The last 608 columns are the different MoA labels, starting with the MoA ‘5-alpha_reductase_inhibitor’. These are binary variables that indicate whether the drug perturbation is associated with that MoA or not. From these 608 columns, the first 206 are the ones that are evaluated in the competition, and the remaining 402 are additional MoAs that are provided to help the classification task.

The L1000 project

One interesting aspect of this dataset is how the data itself was produced. There are 5,000 drugs screened, and each drug was tested with 2 doses and independently at three different time points. This means that in order to produce the data, we would need to run 2 * 3 * 5,000 = 30,000 samples for a single cell line. If we use RNA-seq to measure the mRNA levels for the genes, that would be very expensive. Assuming an average cost of $200 per sample, this would make an estimated cost of $6,000,000!!. But not only that, there are also logistical and technical problems in analyzing such a large number of samples, including an important source of technical variability that can introduce batch effects into the data, masking the relevant biological signal. How to deal with these issues?

figure-1 Figure 3: The L1000 pipeline for gene quantification and signature creation. Image taken from the original paper “A Next Generation Connectivity Map: L1000 platform and the first 1,000,000 profiles”

In 2017, a team from the Broad Institute led by Aravin Subramanian presented the L1000 platform to massively scale up these perturbation experiments. In order to reduce the cost of producing these data, what they did is, instead of measuring all genes (~25,000), only the 978 most informative genes (landmark genes) are measured using a single Luminex Assay, and the rest of the genes are simply inferred using a linear model trained on this subset of genes. These 978 landmark genes were selected based on a study using data from 12,063 microarray samples downloaded from Gene Expression Omnibus (GEO), where they observed that the selection of these 978 genes were enough to predict the 81% of the non measured genes. Another clever trick they’ve introduced is the deconvolution step (represented in the image above). Since the Luminex Bead Assays have a maximum capacity of 500 distinct beads, and there are 978 landmark genes to measure, they would need in theory two assays per sample. Instead of doing that, they virtually doubled the capacity of the assay by measuring two genes per bead using a 2:1 mixing ratio, followed by a deconvolution step using k-means to identify the two peaks and associate them to their corresponding genes.
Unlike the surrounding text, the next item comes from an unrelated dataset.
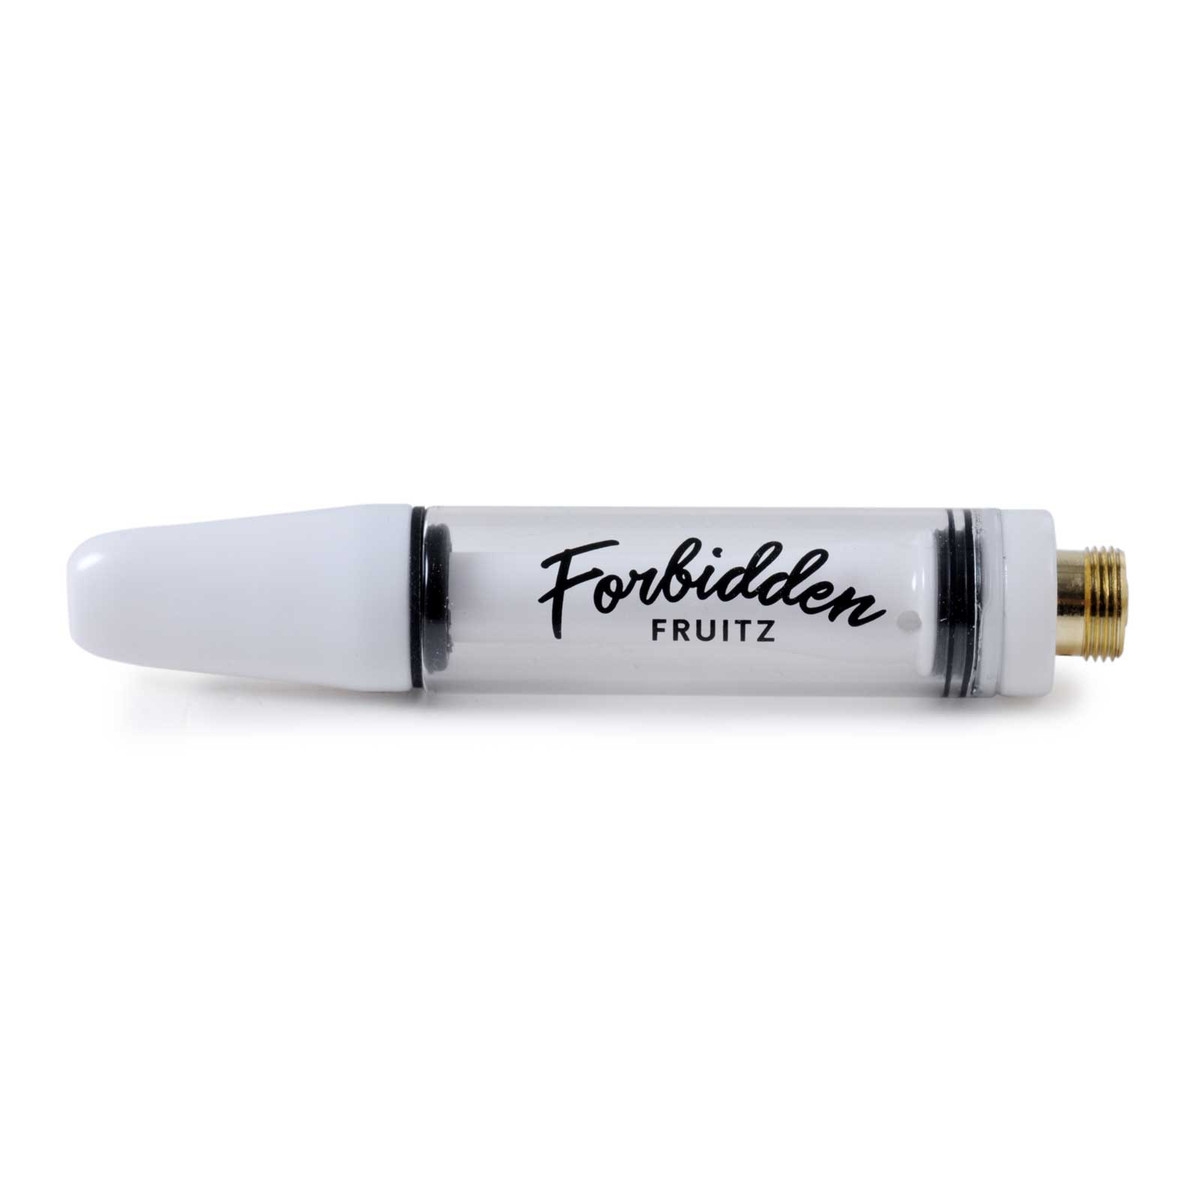 ForbiddenFruitz ForbiddenFruitz 1ml Refillable Premium Ceramic Tip Ceramic Cartridge 510

But if they measure 978 landmark genes, why the dataset contains only 772 genes?. In order to produce the Kaggle dataset, they developed a new technology based on this L1000 platform that measures both gene expression levels and cell viability at the same time (see this thread in Kaggle). It looks like, in order to make room for the cell viability data, they had to throw away 104 landmark genes. The big issue is that, as far as I know, there is no inference model to predict the remaining genes from these 772 genes, as in the L1000 case. This considerably constrains the possibilities of the dataset, although I hope that some model will be released soon.

Exploratory data analysis

Now that we know a little bit about the challenge, we can start analyzing the data. First, we extract the columns corresponding to gene features, cell features and MoAs:

# Remove the evaluation data for which we don't know the MoAs
df = df_dataset.loc[ == True, :]

# Extract the columns referring to the genes, cells, and MoAs
genes = [c for c in df.columns.values if c.startswith("g-")]
cells = [c for c in df.columns.values if c.startswith("c-")]
moas = df.iloc[:,-608:].columns.values
print(genes[0], cells[0], moas[0])
g-AARS1_16 c-0-HEYA8_OVARY 5-alpha_reductase_inhibitor

Gene features are in the format g-Symbol_Entrez, where the ENTREZ is the NCBI gene ID. The cells are in the format c-ID-Cell, where the ID corresponds to the original ID in the Kaggle dataset, and Cell is the CCLE cell line name used in the assay. For example, the first cell line (c-0) in the dataset is the HEYA8 _OVARY cell line. Specific details about the cell lines can be obtained from the DepMap portal.

Distribution of MoAs

Now that we classified the different columns into genes, cells, and moas, we can start querying things more easily. Since the goal of the challenge is to predict the MoAs, the first thing we can do is to check the distribution of MoAs to see whether the dataset is balanced or imbalanced.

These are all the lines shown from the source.